The Obama administration’s flirtation with the Muslim Brotherhood was another thing entirely: Political correctness is annoying at the best of times, for it provides an excuse for dissenters to dismiss based on window-dressing rather than address core ideas that merit debate. It is especially dangerous, however, when true believers embrace political correctness as a doctrine and actually believe the pap that extremist groups like the Muslim Brotherhood and other Islamist movements are misunderstood, or that Islamist anti-Americanism is rooted in grievance rather than ideology. The Muslim Brotherhood was aiming to be the Egyptian and Islamist equivalent of the Khmer Rouge. They disdained democracy and their crocodile tears regarding democratic wrongs are nothing but window-dressing.
One of the greatest ironies of the Muslim Brotherhood’s ouster from power is that Western liberals are more concerned about the injustice suffered by the Brethren than are their one-time funders in the Arab world. While senators and diplomats were beating themselves up about how unfair events were for Mohamed Morsi and crew, it was the Saudis and Emiratis who cut their ties quickly and without regret. Perhaps the pattern is repeating in which the West’s useful idiots believe Muslim Brotherhood spokesmen who say tolerant things in English while those who understand what the Brotherhood is saying in Arabic understand truly for what the group stands.
At any rate, there are two sides in the immediate Egyptian fight, and their demands are mutually exclusive. One will win, and one will lose and, like Jonathan, let us hope for the sake of U.S. national security that the military wins in the short term. That is not to bless military dictatorship, but building up a more liberal and democratic alternative might take years if not decades and that simply would not be possible under a Muslim Brotherhood regime.

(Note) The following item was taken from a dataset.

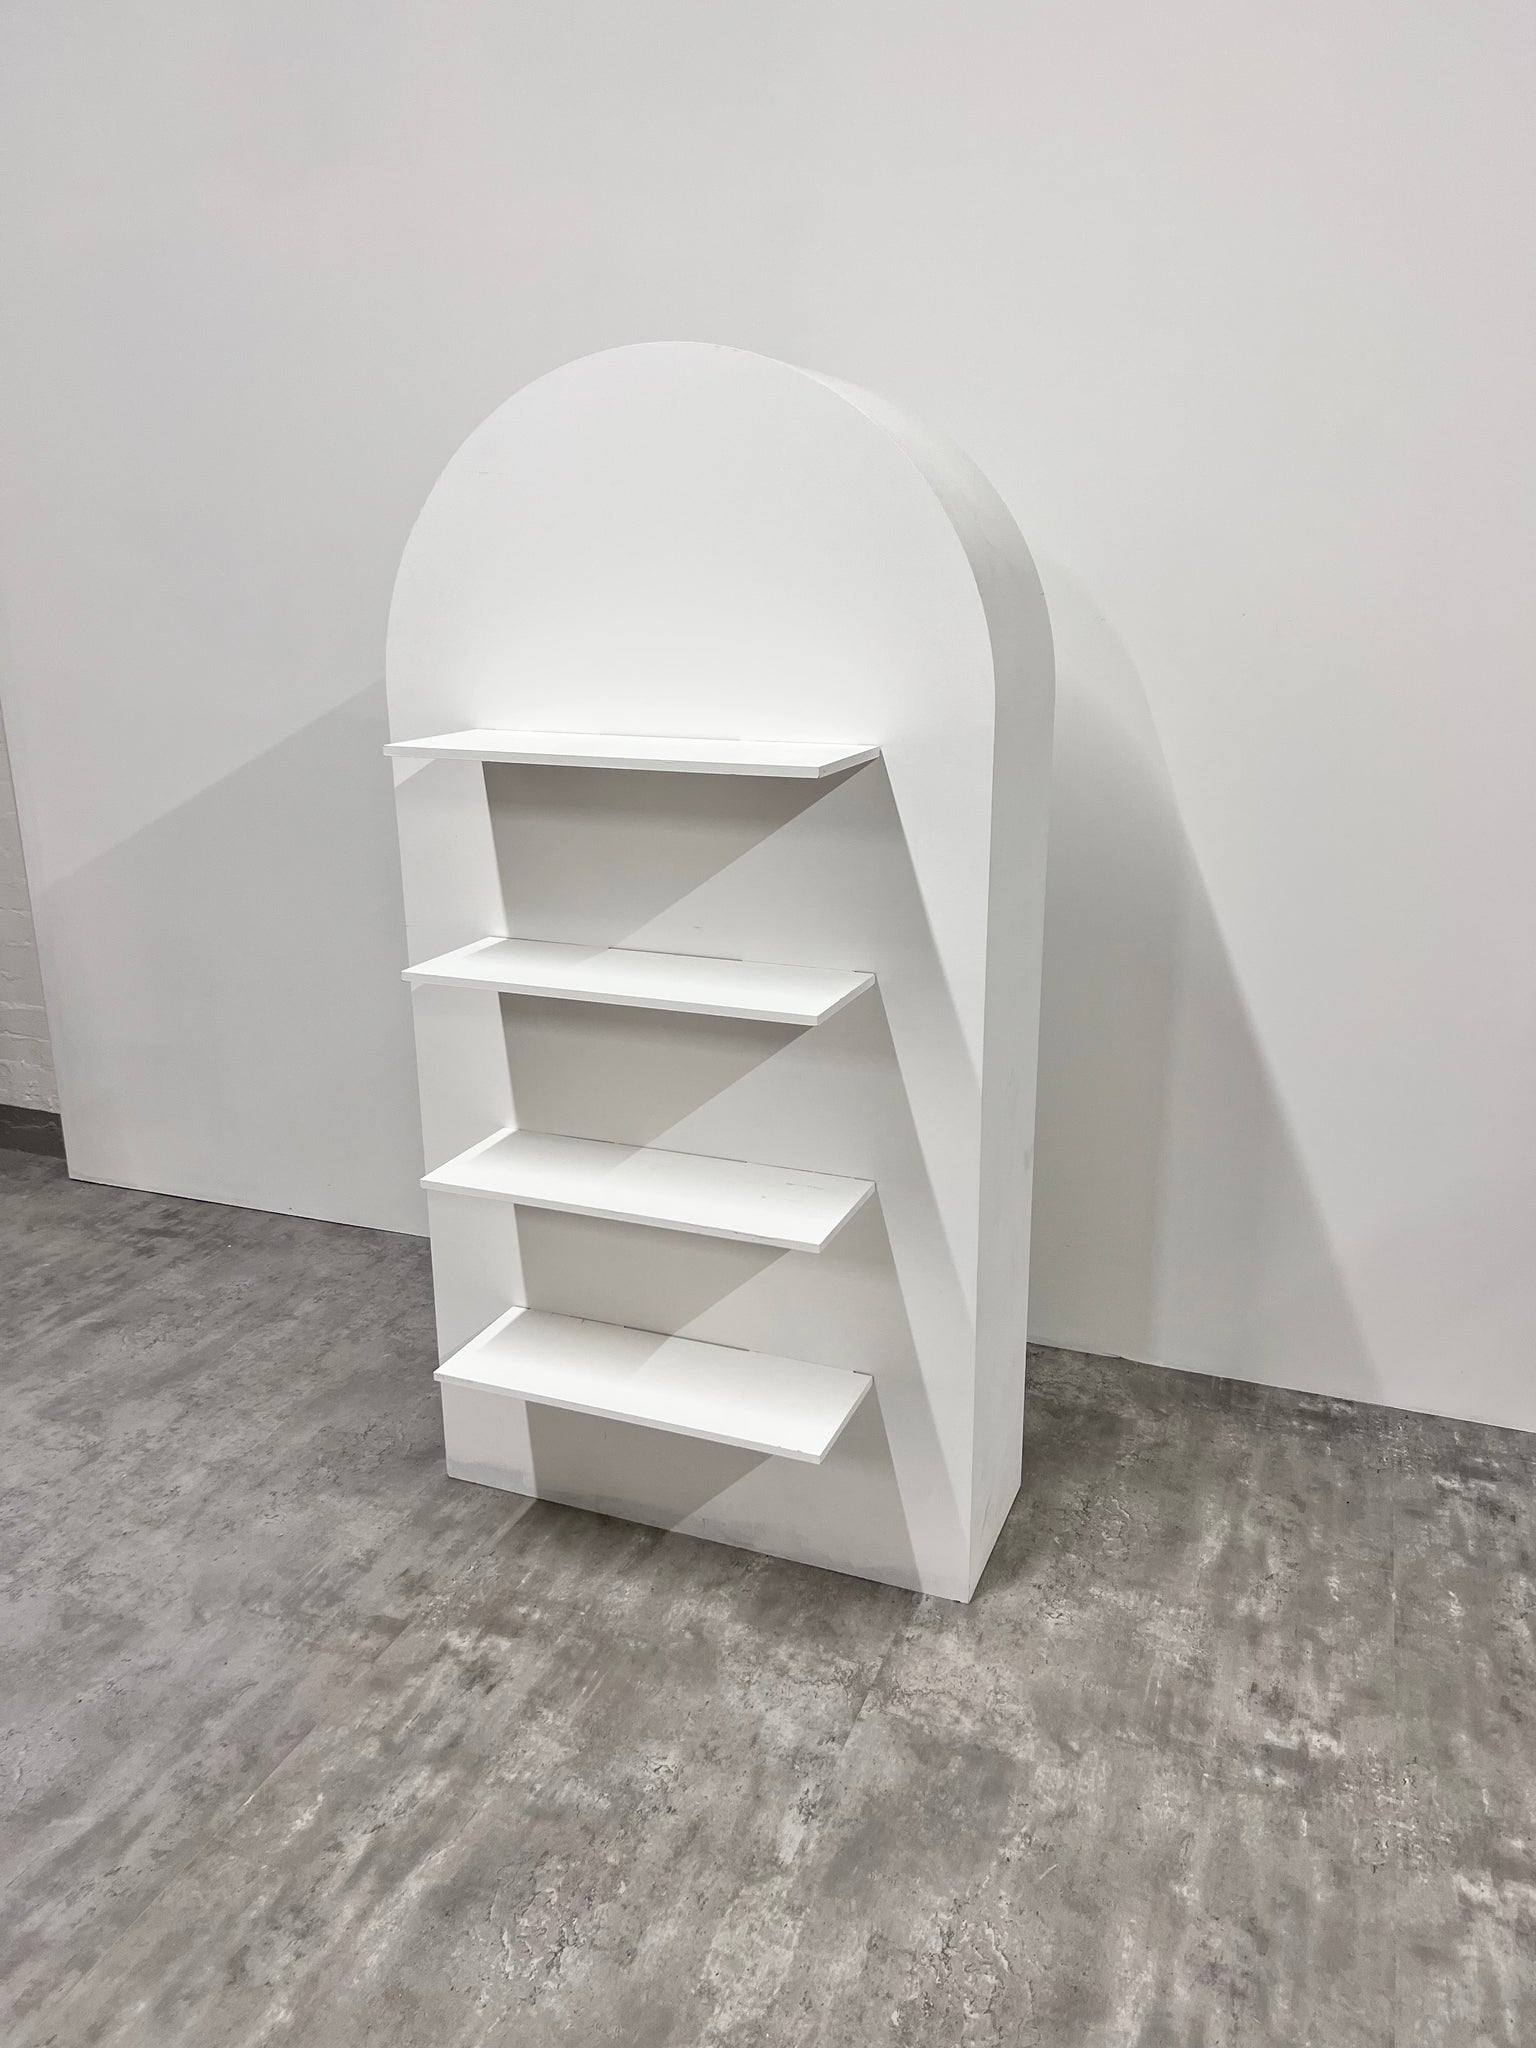 Clearance 3D Shelf Stand 83cm x 163cm

Maintaining leverage with the Egyptian military therefore becomes a paramount U.S. interest. The State Department likes to think that they maintain a monopoly over diplomacy, but the reality is that American generals are often better diplomats when the crisis erupts. After all, diplomats have cocktail parties and an occasional conference, but military officers have staff college classes that often last months, if not years. Over the course of a promising officer’s career, he might find himself in class or in exercises with the same foreign officer multiple times. Not surprisingly, friendships develop between families and relationships run deep. That may not be something which President Obama—who has never served in the military—understands. Nor is it something to which Secretary of State John Kerry—who appears to hold the military in disdain—will care to admit. Alas, while Kerry chides the Egyptians and promotes the type of unthinking compromise that a proverbial State Department kindergartener might have formulated, he and Obama appear to be abandoning the one tool with which they can have some leverage: the military-to-military relationship.
First, the U.S. suspended F-16 sales to Egypt—a silly thing to do since such sales aren’t simply about airplanes, but also about long-term training relationships. Next, Obama cancelled the Bright Star exercises, again an opportunity for multiple senior U.S. officers to have quiet tête-à-têtes with their Egyptian counterparts. If the White House truly wanted to restrain the Egyptian army, then that would be a far better way to convey that message rather than putting John Kerry on television, or having a U.S. embassy which has mismanaged its way into irrelevance deliver a demarche. With leverage so fleeting, how unfortunate it is that Obama wants to eliminate what remains.